2.2 Binary Search and Eficiency

Consider We are given the same array of numbers as in the last example:

56    89    96    544  2      366  3333        65    695  1       36    59

Now, Just consider the same array in a sorted version (in ascending order/Descending order) [Ascending in this case!]:

1       2      36    56    59    65    89    96    366  544  695  3333

Now, Let’s consider solving the same problem we did last time, To report if any number is part of an array or 

not, and if it is then at what position, but this time let’s do it with the sorted array instead of the unsorted one.

NOTE: There’s a term you need to know, its ‘iterate’. To iterate means to repeat something for every element of any array or list.

In Linear Search, We used to iterate over the entire array to find out if the particular term is part of the array, 

right?

In Binary Search, since we know that the array/list of numbers is sorted, we try to exploit this to our benefit.

Here’s Binary Search in pseudocode:

1. Goto the Middle of the array

2. See if the middle term is less or more than the term we are searching for.
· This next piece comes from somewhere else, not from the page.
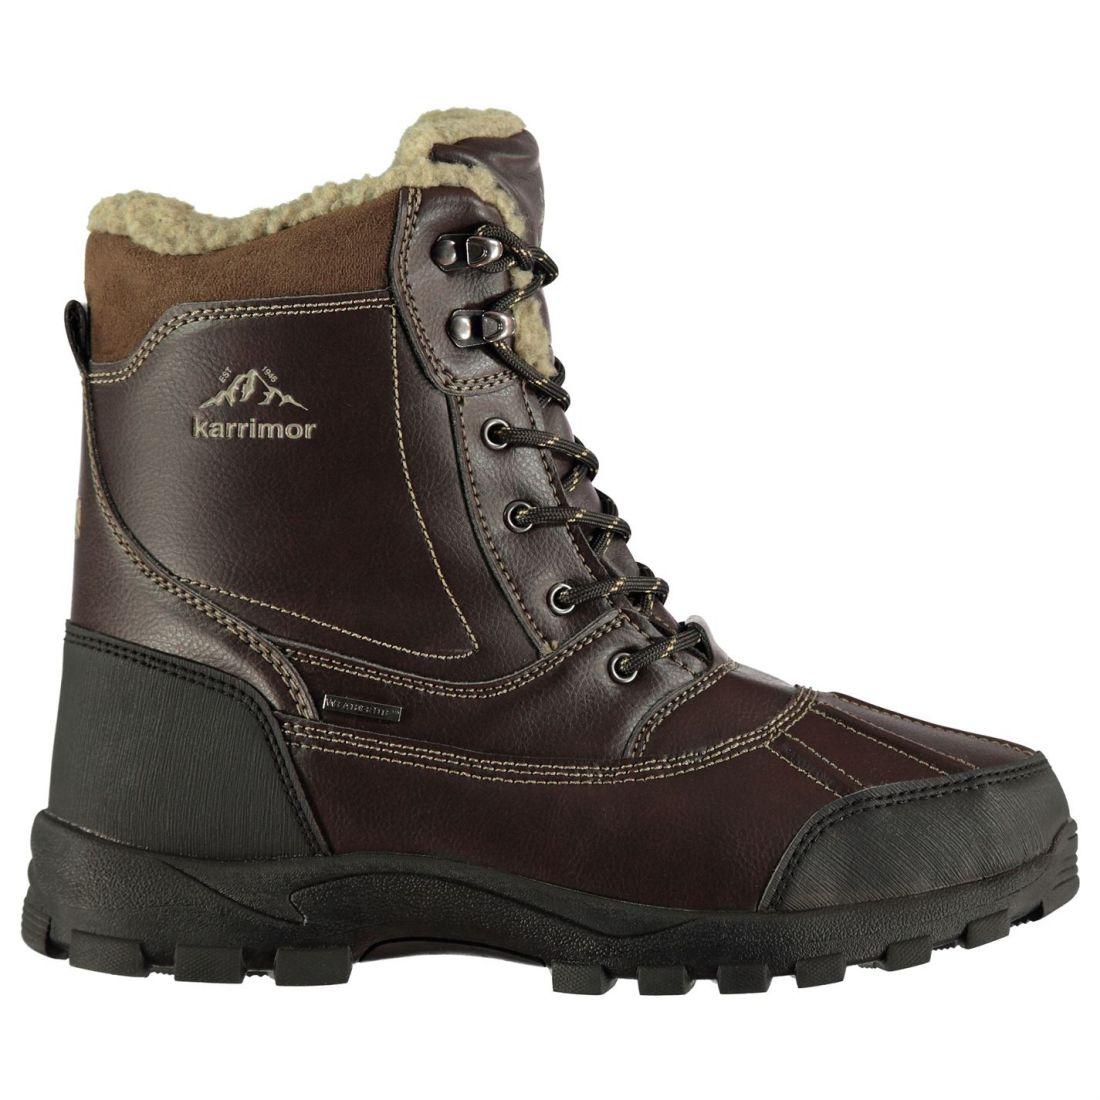 Karrimor Snow Everyday Mens Gents Boots

If the middle term is more than the number we are searching for, then that number must be to the left of the middle term, If the middle term is less than the number we are searching for, then that number must be to the right of the middle term.

3. If the middle term is more, then we perform binary search on the left part of the array by repeating the same procedure, by first moving to the middle term and then searching again, if the term is to the right or left. If it’s less, then we do the same for the right part of the array.

So, all we are doing is taking benefit of the sorted property to search in less time-consuming manner.

But, how much less time-consuming?

Lets, look once again at what are you doing, (Suppose that the array in which we search has ‘n’ elements!)

At every step, We are throwing away half of the remaining array.

Hence, The Number of times we actually iterate over something would at most be the same as the power of 2, which is equal to n.

Therefore, We do log₂n operations at most so, our efficiency is O(log₂n).

You may find vizualizations of both Linear Search as well as Binary Search and Compare at : https://goo.gl/Vmj9iV .

NOTE: There are more than a few notations of representing efficiency.

Here’s a piece of code with actual implementation of Binary Search in C++:

#include <iostream>

using namespace std;

int binarySearch(int arr[], int l, int r, int x)

{

  while (l <= r)

  {

    int m = l + (r-l)/2;

    // Check if x is present at mid

    if (arr[m] == x){

        return m; 

    }

    // If x greater, ignore left half 

    if (arr[m] < x) {

        l = m + 1;

    }

    // If x is smaller, ignore right half

    else {

         r = m - 1;

     }

  }

  // if we reach here, then element was not present

  return -1;

}

int main(){

            int n;

            cin>>n;

            int arr[n];

            for(int i = 0;i<n;i++){

                        cin>>arr[i];

            }

            int Tofind;

            cout<<”Enter the Number you’d like to find:”<<endl

            cin>>Tofind;

            int z = binarySearch(arr,0,n-1,Tofind);

            if(z==-1){

                        cout<<”The Number wasn’t found!”

}else{

            cout<<”The Number was found at the following position: ”<<z<<endl;

}

}

Exercise

Try re-implementing Binary Search in C++ yourself without copy-pasting or looking at it!